Meet Gladia, a French artificial intelligence (AI) startup that wants to revolutionize how companies deal with audio data. The company has developed a new audio transcription application programming interface (API) that is more reliable and efficient than existing options. Gladia’s technology foundation unlocks new use cases around audio, and it promises an hour of audio transcription for just $0.61, with the entire transcription process taking roughly 60 seconds.
According to Jean-Louis Quéguiner, the co-founder, and CEO of Gladia, there are three main pain points with existing transcription APIs. Firstly, price, transcribing an hour of audio usually costs between $1.50 to $2 an hour. Secondly, the output is not always very reliable, as some languages work well while others are barely supported. Lastly, existing transcription APIs are slow, taking more than 15 minutes to transcribe an hour of audio.
Gladia’s solution is based on OpenAI’s open-source transcription model, Whisper, which has been modified to work faster and more responsively. Gladia also has some pre-processing and post-processing algorithms that improve the end results. The Gladia API can detect when there are multiple speakers, add timestamps, detect languages and switch from one to another if needed. It can also automatically add punctuation and casing.

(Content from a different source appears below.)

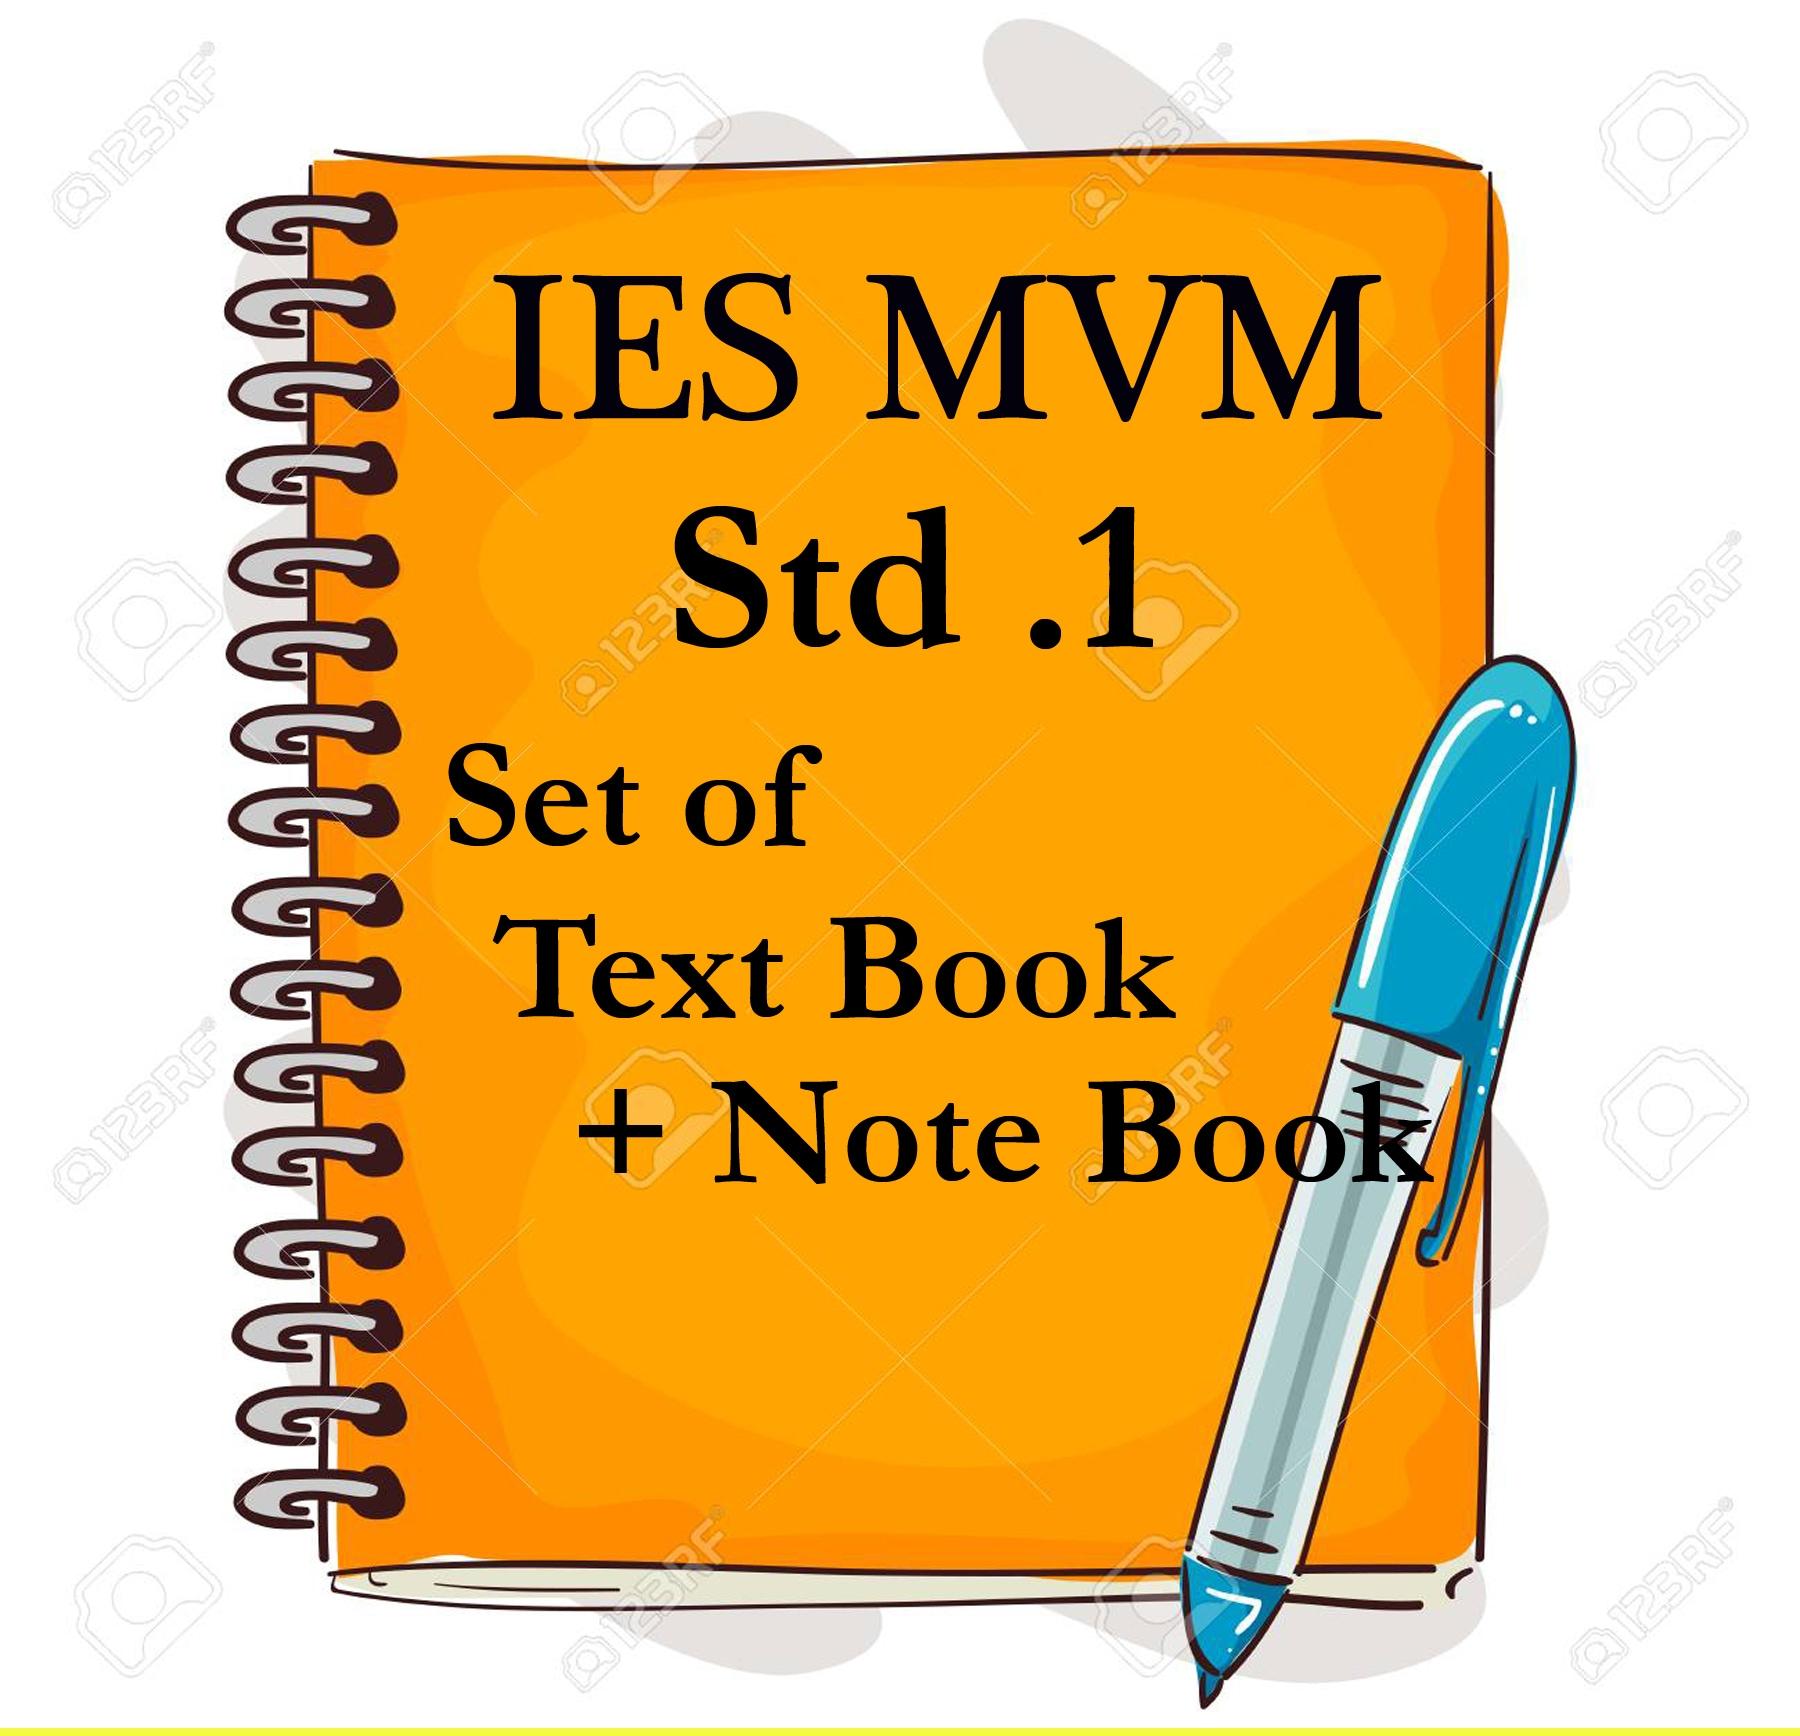 IES MVM STD .1 SET  OF TEXT BOOK + NOTE BOOK
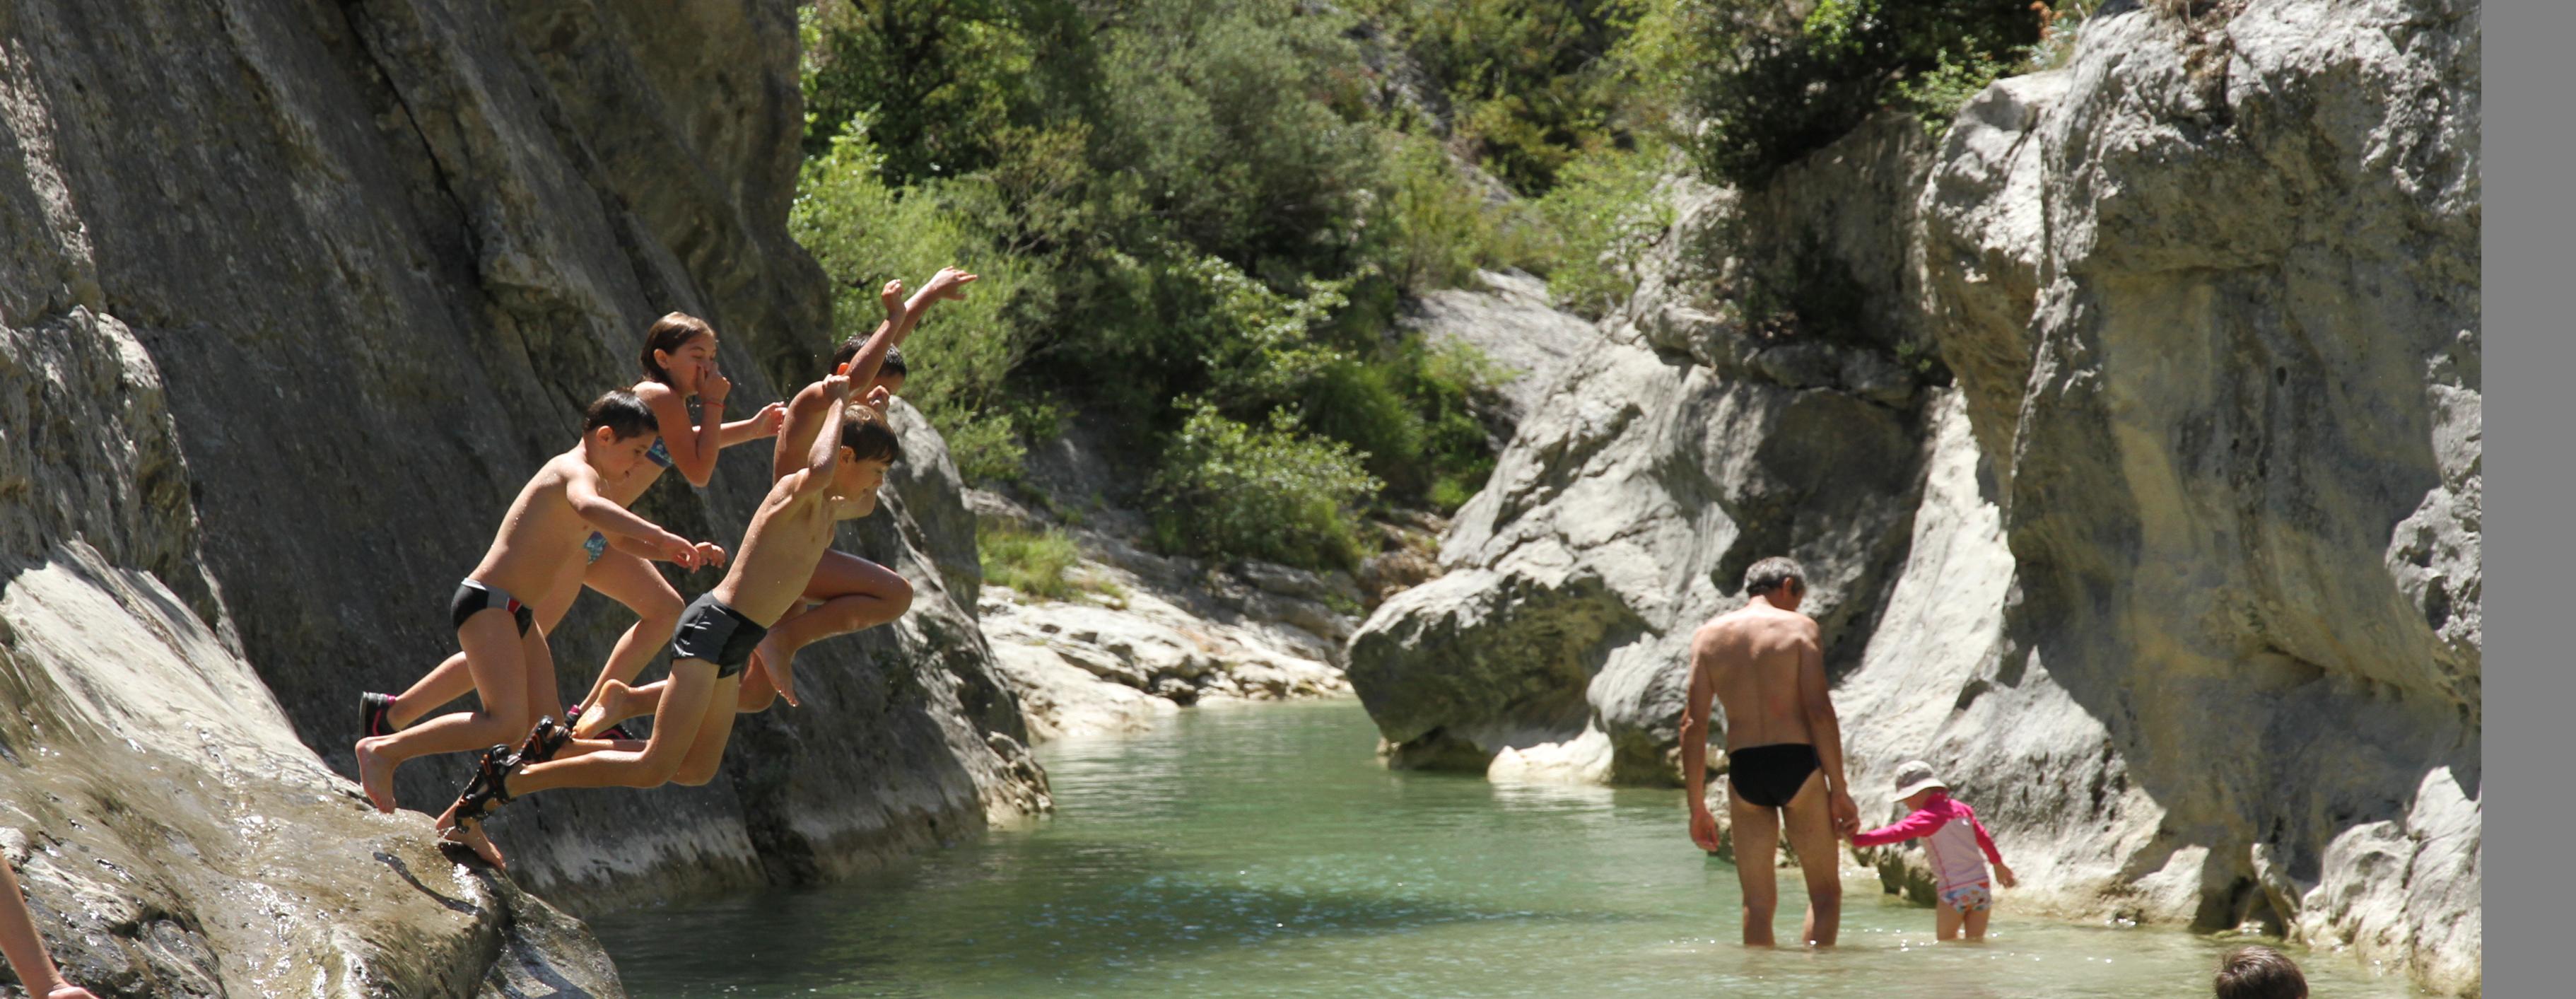 saut riviere

The Gladia transcription API is compatible with SRT and VTT files for companies that want to generate subtitles. Combined with word-level timestamps after an audio file has been transcribed, Gladia can translate text into another language, allowing companies to upload an audio file and get subtitles in dozens of languages in just a few minutes.
Gladia raised a $4 million seed round in a funding round led by New Wave, with support from Sequoia, Cocoa, and various business angels, including Solomon Hykes, Pierre Betouin, Miroslaw Klaba, and Alexandre Berriche. The company currently works with call center companies, virtual meeting services, and video publishers, including Claap, Livestorm, and Selectra.
Moving forward, the company aims to build features on top of its strong technical foundation. For instance, the company hopes to enable summarization of the content of an audio file, categorize content into multiple topic categories, create chapters automatically, conduct sentiment analysis, and much more.
Overall, Gladia is one of the best transcription APIs on the market, and its developers believe that transcription will become a commodity. The company’s long-term vision is to augment audio with intelligence, moving from 2D to 3D data.